The expected output is the line bearing "Hgtv S Jasmine" followed by all remaining lines of the records, each restated word for word.
--
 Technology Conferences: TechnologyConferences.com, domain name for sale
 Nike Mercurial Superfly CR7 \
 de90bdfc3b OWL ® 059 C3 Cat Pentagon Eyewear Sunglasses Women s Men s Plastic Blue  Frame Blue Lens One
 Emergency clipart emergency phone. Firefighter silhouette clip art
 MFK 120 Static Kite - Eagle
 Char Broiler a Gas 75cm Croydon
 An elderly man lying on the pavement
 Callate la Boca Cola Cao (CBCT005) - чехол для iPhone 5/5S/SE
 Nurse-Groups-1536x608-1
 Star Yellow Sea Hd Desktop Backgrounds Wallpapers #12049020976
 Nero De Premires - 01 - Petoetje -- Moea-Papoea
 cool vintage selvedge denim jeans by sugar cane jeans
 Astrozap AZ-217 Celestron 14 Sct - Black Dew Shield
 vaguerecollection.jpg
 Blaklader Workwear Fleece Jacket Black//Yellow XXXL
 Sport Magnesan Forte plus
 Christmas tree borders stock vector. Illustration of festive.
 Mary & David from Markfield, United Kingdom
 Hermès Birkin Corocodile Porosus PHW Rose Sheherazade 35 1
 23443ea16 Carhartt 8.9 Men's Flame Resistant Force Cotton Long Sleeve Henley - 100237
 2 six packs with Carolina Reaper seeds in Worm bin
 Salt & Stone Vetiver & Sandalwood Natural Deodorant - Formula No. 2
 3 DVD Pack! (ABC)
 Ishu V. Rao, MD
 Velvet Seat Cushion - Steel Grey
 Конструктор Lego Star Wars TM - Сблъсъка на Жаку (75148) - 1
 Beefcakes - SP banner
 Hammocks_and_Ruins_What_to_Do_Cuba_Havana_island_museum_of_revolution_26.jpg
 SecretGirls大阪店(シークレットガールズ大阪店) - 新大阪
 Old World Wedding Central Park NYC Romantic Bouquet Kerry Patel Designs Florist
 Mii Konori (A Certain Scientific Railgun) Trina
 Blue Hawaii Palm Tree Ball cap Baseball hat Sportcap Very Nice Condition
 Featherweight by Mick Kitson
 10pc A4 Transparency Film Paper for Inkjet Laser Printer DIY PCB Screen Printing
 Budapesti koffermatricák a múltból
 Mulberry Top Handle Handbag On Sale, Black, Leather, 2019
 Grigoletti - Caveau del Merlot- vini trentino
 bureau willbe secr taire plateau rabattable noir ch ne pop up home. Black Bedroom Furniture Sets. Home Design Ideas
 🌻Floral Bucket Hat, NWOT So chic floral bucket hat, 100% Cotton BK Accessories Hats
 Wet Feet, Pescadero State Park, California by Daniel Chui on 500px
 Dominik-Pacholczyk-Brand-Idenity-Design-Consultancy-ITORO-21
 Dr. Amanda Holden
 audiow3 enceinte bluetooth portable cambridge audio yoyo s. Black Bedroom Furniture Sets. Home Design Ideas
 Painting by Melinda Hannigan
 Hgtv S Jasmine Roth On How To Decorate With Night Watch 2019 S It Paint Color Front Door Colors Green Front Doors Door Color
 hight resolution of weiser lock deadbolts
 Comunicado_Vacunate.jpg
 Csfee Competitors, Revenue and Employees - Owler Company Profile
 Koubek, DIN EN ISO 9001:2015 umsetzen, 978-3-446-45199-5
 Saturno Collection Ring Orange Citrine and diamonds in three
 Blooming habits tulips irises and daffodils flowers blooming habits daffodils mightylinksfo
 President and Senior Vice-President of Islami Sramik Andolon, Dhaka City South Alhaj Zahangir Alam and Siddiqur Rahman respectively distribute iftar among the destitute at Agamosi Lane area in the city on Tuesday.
--
[Task solution]
 Hgtv S Jasmine Roth On How To Decorate With Night Watch 2019 S It Paint Color Front Door Colors Green Front Doors Door Color
 hight resolution of weiser lock deadbolts
 Comunicado_Vacunate.jpg
 Csfee Competitors, Revenue and Employees - Owler Company Profile
 Koubek, DIN EN ISO 9001:2015 umsetzen, 978-3-446-45199-5
 Saturno Collection Ring Orange Citrine and diamonds in three
 Blooming habits tulips irises and daffodils flowers blooming habits daffodils mightylinksfo
 President and Senior Vice-President of Islami Sramik Andolon, Dhaka City South Alhaj Zahangir Alam and Siddiqur Rahman respectively distribute iftar among the destitute at Agamosi Lane area in the city on Tuesday.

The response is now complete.